**The task**
When you transcribe the listing that follows, keep every line exact and skip any picture.

**Source material**
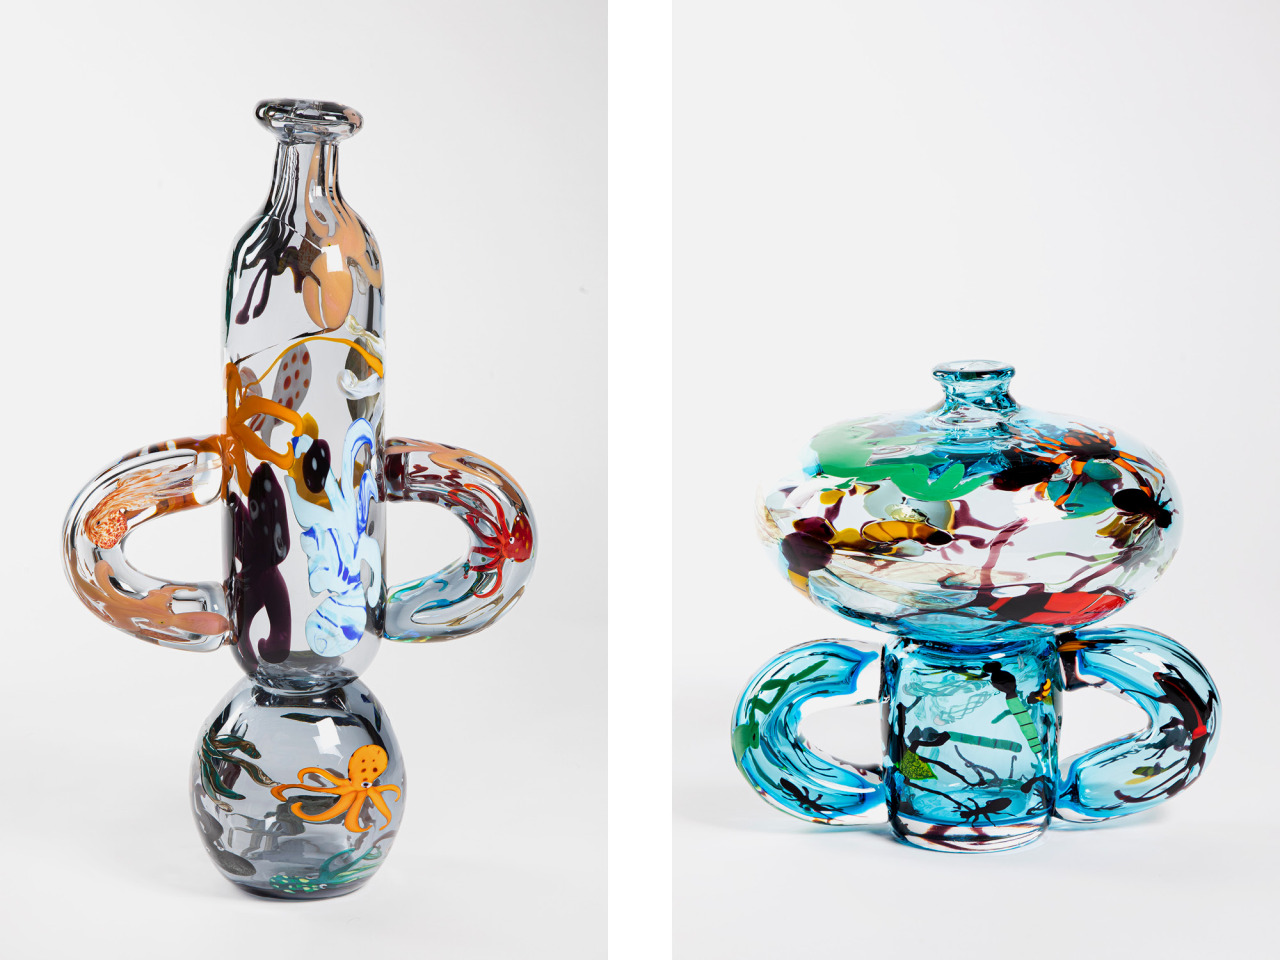 Animalier
for Dolce & Gabbana CasaAnimalier, a new collection of Murano glass vases for the Gen D project by Dolce & Gabbana Casa, curated by Federica Sala.
Made in collaboration with Fornace Mian, Murano & Bubacco Bros.
With Animalier we mean, both...

**Solution**
 Animalier
for Dolce & Gabbana CasaAnimalier, a new collection of Murano glass vases for the Gen D project by Dolce & Gabbana Casa, curated by Federica Sala.
Made in collaboration with Fornace Mian, Murano & Bubacco Bros.
With Animalier we mean, both...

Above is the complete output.